= Dataset section =
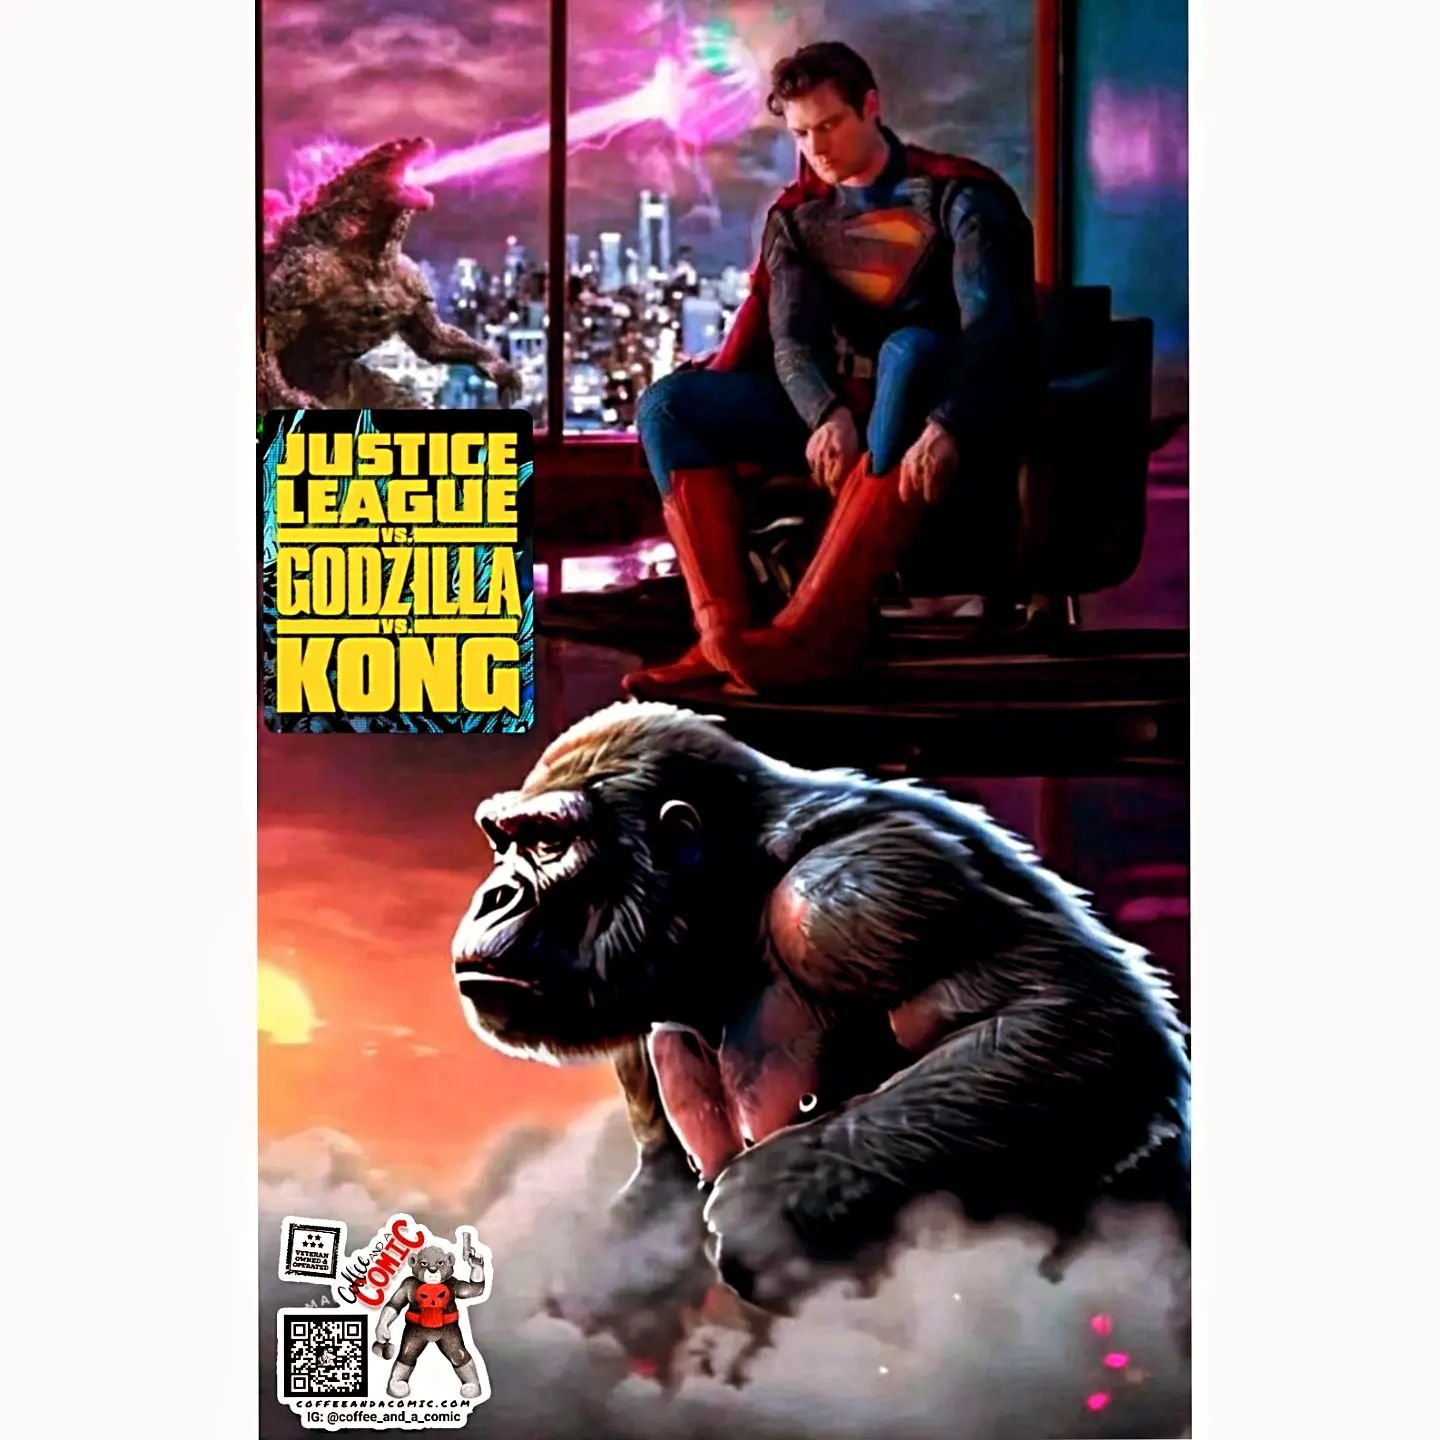 @davidcorenswet and @jamesgunn are hinting something 🤔 👀 🤣
This would be the movie of the ages!
#supermansuit #superman #justiceleaguevsgodzillavskong
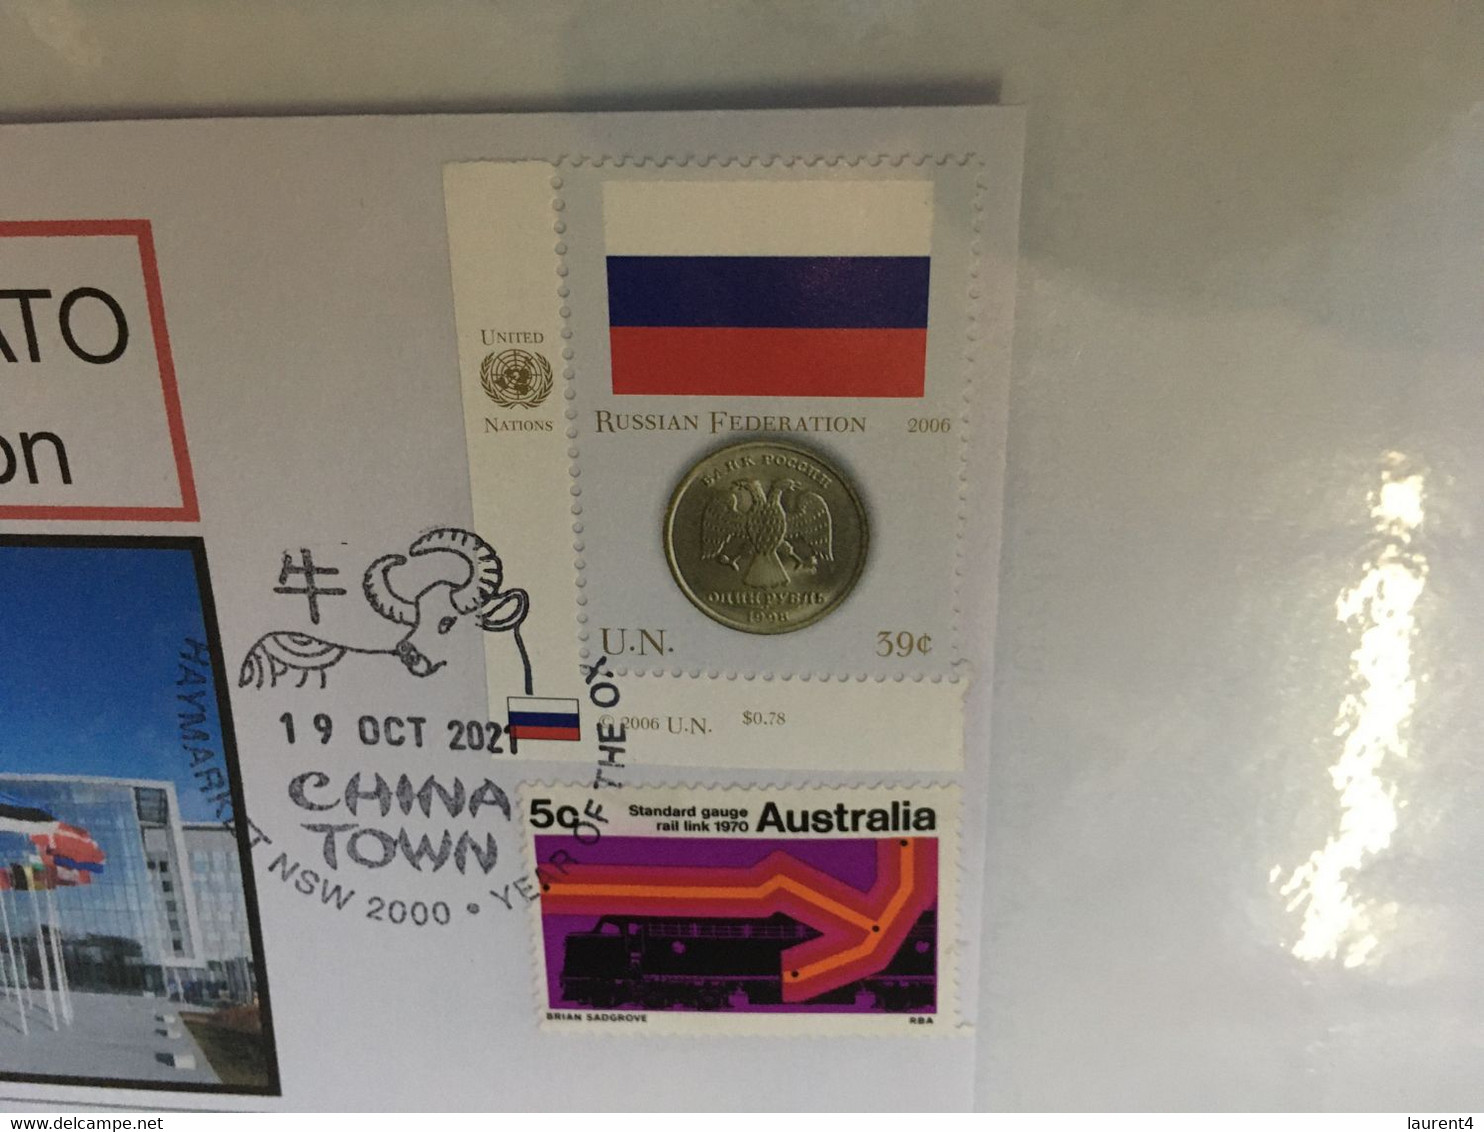 (6 A 2) Special Commemorative Cover - 19 Oct 2021 (Australia) Russia / NATO - Diplomatic Mission Ending - Russia Flag + - Covers & Documents

= Work task =
In full and without changes, repeat the listing above, but not its pictures.

= Solution to this task =
 @davidcorenswet and @jamesgunn are hinting something 🤔 👀 🤣
This would be the movie of the ages!
#supermansuit #superman #justiceleaguevsgodzillavskong
 (6 A 2) Special Commemorative Cover - 19 Oct 2021 (Australia) Russia / NATO - Diplomatic Mission Ending - Russia Flag + - Covers & Documents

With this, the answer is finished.